**Problem to solve:**
Reproduce only this stretch of the listing below: from the line with "Victorian Lace Kimono" through the line with "Eine schöne Aufnahme", exactly as written, with pictures excluded.

**Dataset:**

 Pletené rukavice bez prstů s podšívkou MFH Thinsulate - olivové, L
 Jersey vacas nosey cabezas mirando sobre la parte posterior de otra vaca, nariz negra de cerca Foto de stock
---
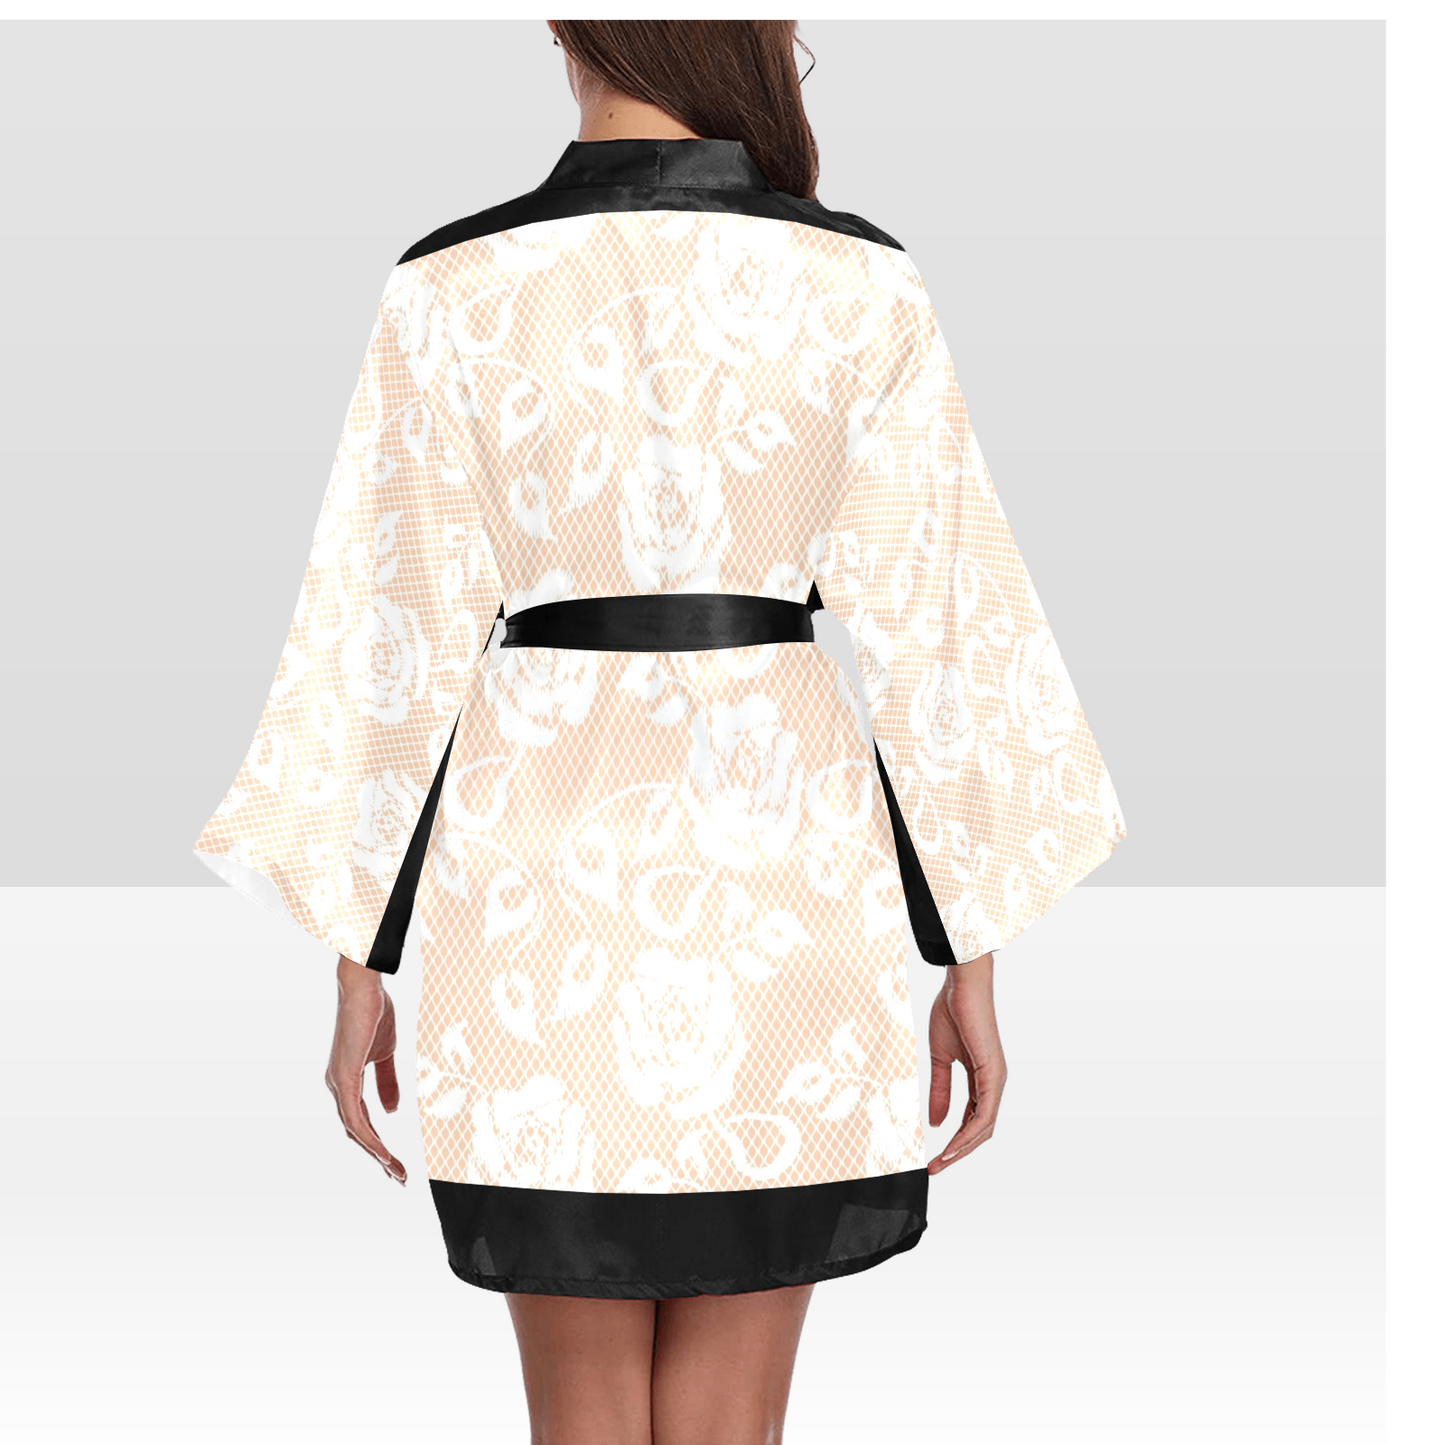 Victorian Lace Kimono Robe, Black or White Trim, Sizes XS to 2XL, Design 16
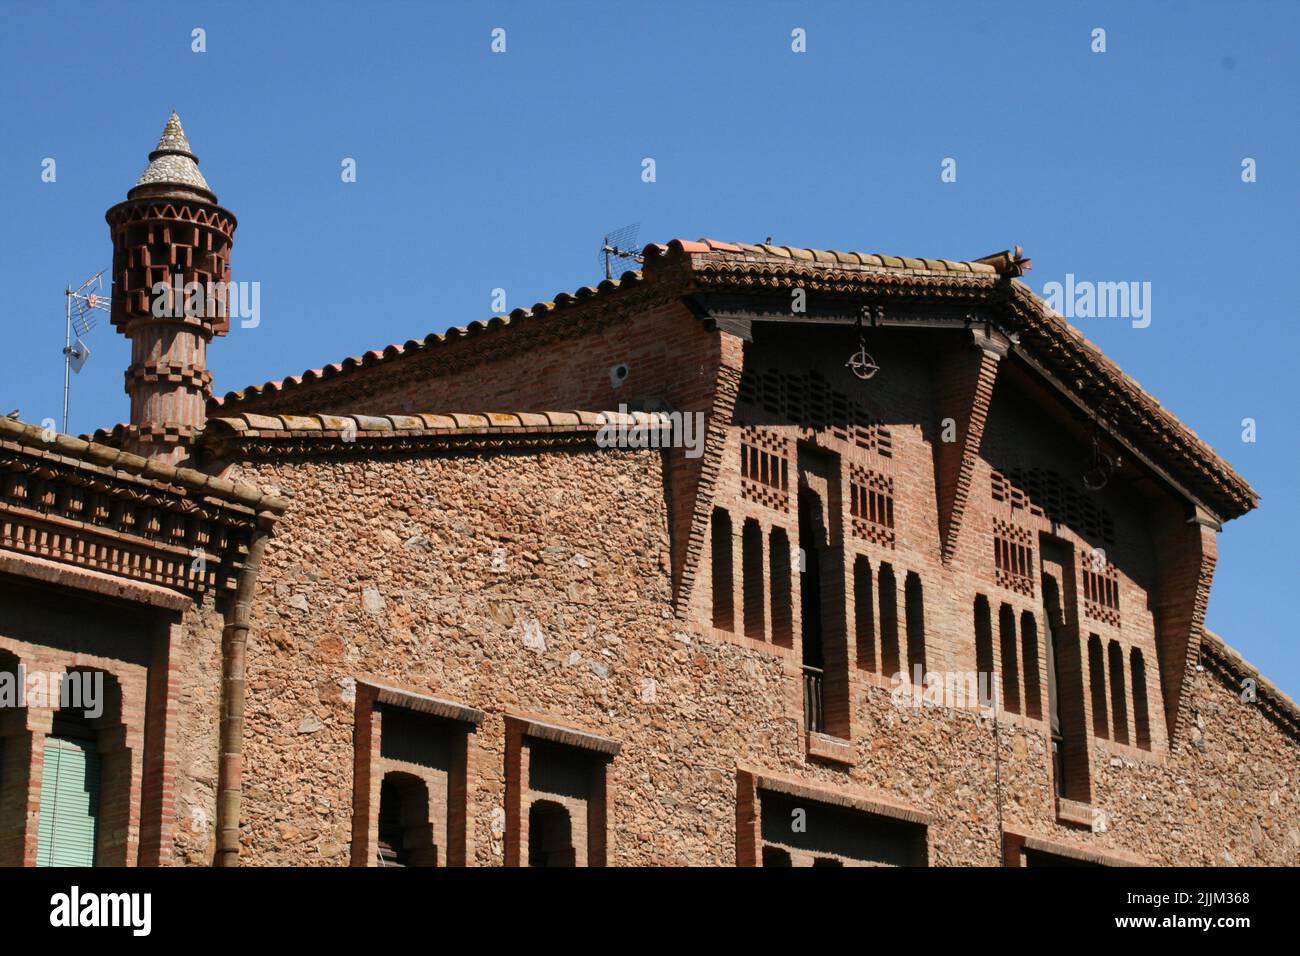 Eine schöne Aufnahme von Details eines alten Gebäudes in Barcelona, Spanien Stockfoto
* * *
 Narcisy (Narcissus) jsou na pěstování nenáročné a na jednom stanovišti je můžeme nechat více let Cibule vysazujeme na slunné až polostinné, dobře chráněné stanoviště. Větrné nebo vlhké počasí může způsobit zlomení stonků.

**Solution to the problem:**
 Victorian Lace Kimono Robe, Black or White Trim, Sizes XS to 2XL, Design 16
 Eine schöne Aufnahme von Details eines alten Gebäudes in Barcelona, Spanien Stockfoto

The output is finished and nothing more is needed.